Lisa Kaltenegger (* 4. März 1977 in Kuchl bei Salzburg) ist eine österreichische Astronomin und Astrophysikerin, welche sich mit der Entdeckung und Erforschung von Exoplaneten, Exomonden und Supererden beschäftigt. Seit 1. Juli 2014 ist sie Associate Professor an der Cornell University wo sie ihr eigenes Institut aufbaut[1], zuvor war sie am Max-Planck-Institut für Astronomie (MPIA) in Heidelberg (Deutschland) und am Harvard Smithsonian Center for Astrophysics in Boston (USA) tätig.

Leben[Bearbeiten]

Nach der Matura im Jahr 1995 begann sie Studien in Film- und Medienkunde, Technischen Physik, Astronomie, Übersetzer und Betriebswirtschaft mit Japanisch. Im Jahr 1999 schloss sie das Studium der Astronomie mit der Diplomarbeit zum Thema Extrasolar planet search : formation of planets and detection methods[2] an der Karl-Franzens-Universität Graz (M.Sci) und im Jahr 2002 das Studium der Technischen Physik mit Spezialisierung auf Biophysik und Biomedizin mit der Diplomarbeit zum Thema Optical tweezers - application of optical traps in medicine and biology : a survey and feasability study[3] an der Technischen Universität Graz (M.Eng.) ab.[4] 2004 promovierte sie an der Karl-Franzens-Universität Graz auf dem Gebiet der Astronomie mit der Dissertation zum Thema Search for extra-terrestrial planets: the darwin mission : target stars and array architectures[5] mit sub auspiciis.

Danach arbeitete für die Europäischen Weltraumorganisation (ESA) in den Niederlanden auf der Suche nach extrasolaren erdähnlichen Planeten.
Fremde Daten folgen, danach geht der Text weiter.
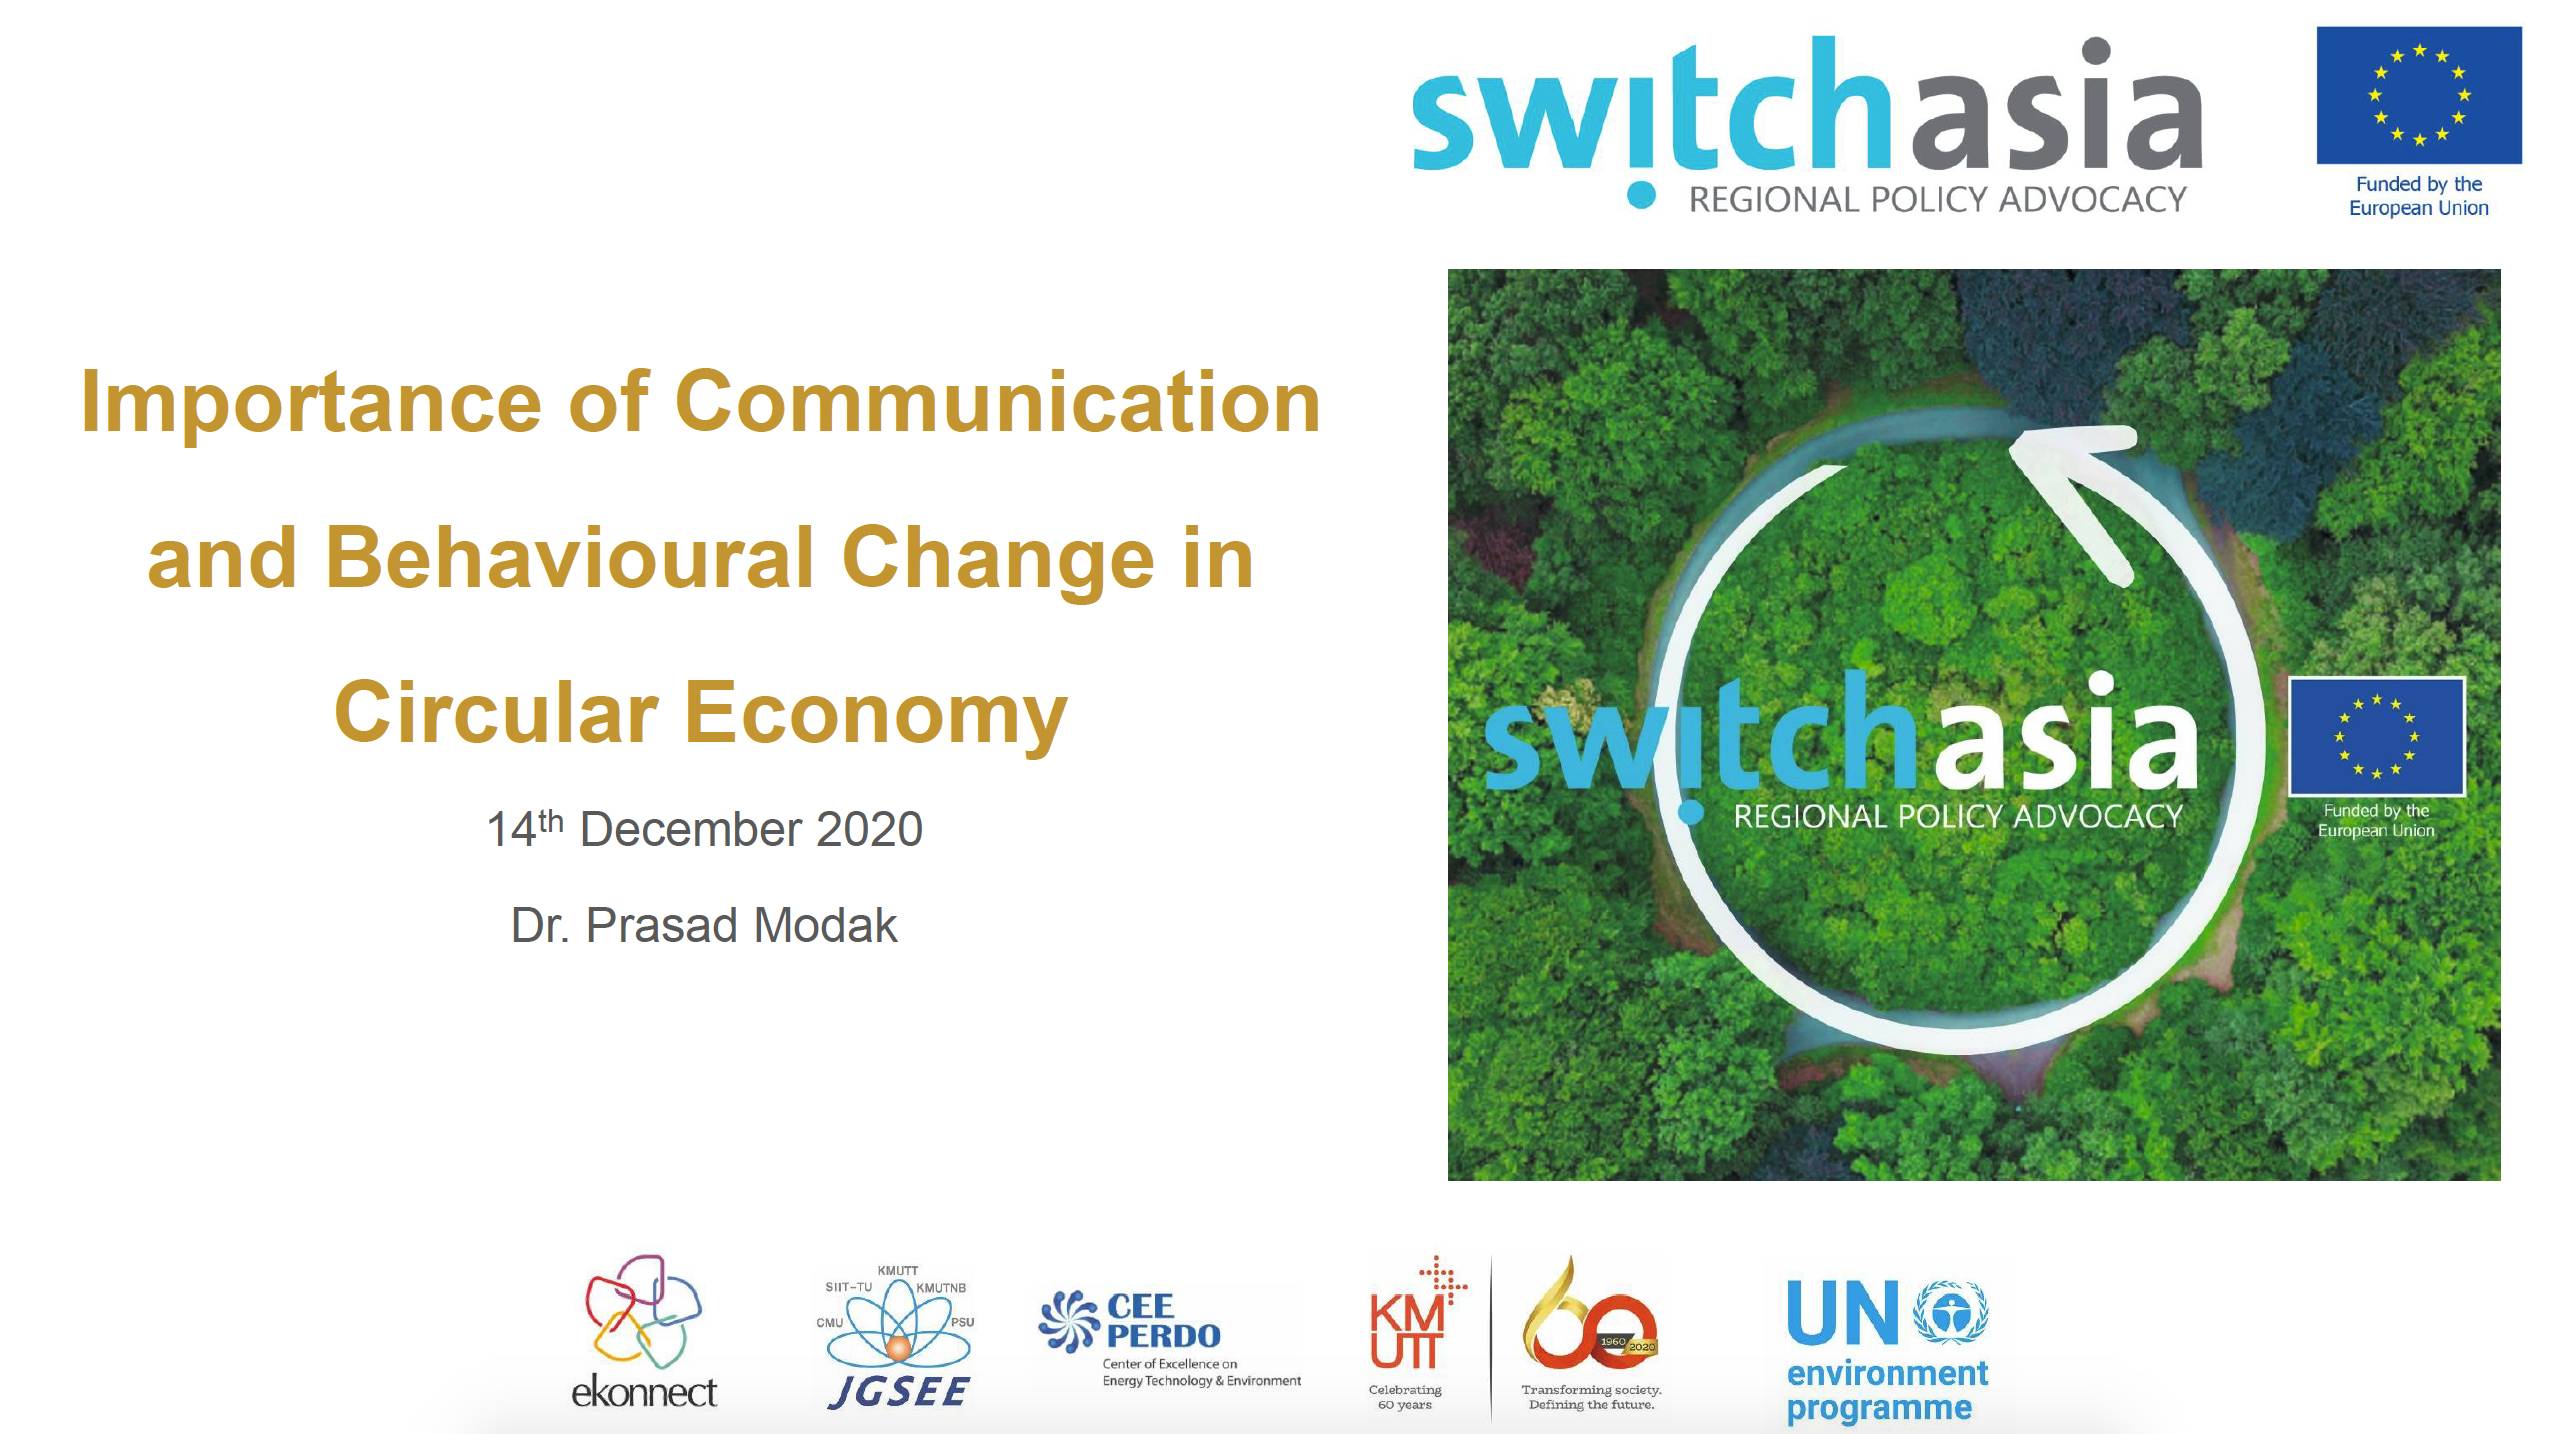 Importance of Communication and Behavioural Change in Circular Economy
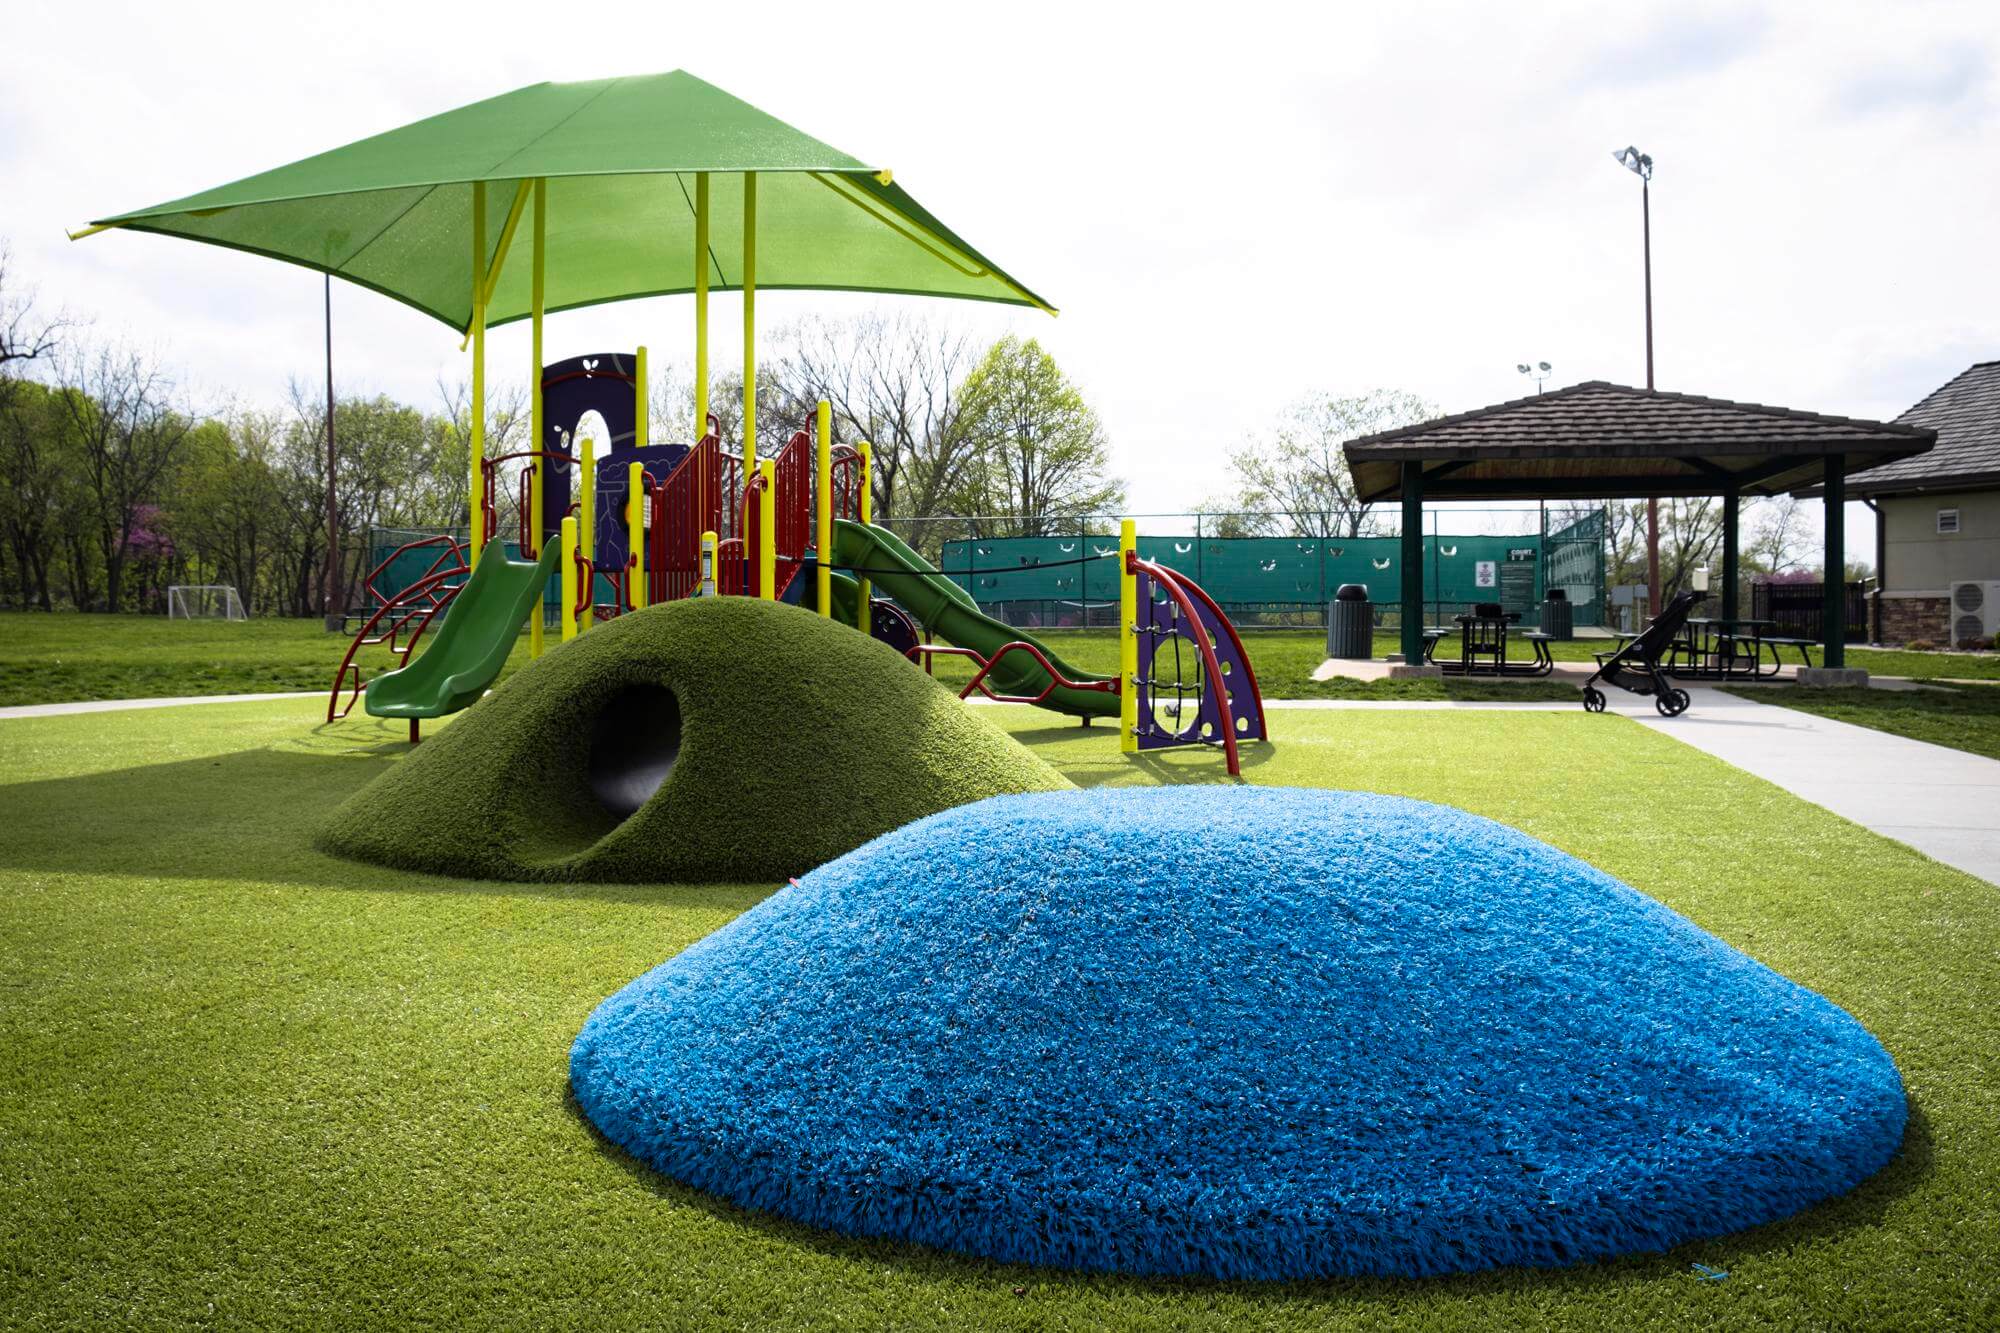 Playground with synthetic grass and a blue play mound.

Im Alter von 27 Jahre wechselte sie an die Harvard University, wo sie forschte und unterrichtete bis sie 2010 die Leitung einer siebenköpfigen internationalen Emmy Noether-Gruppe am Max-Planck-Institut für Astronomie in Heidelberg übernahm. Weiterhin ist sie Research Associate des Harvard Smithsonian Center for Astrophysics sowie Lecturer am Harvard Astrophysics Department. Seit 2009 ist sie auch für das NASA Astrobiology Institute sowie die Extrasolar Planet Analysis Group der NASA tätig.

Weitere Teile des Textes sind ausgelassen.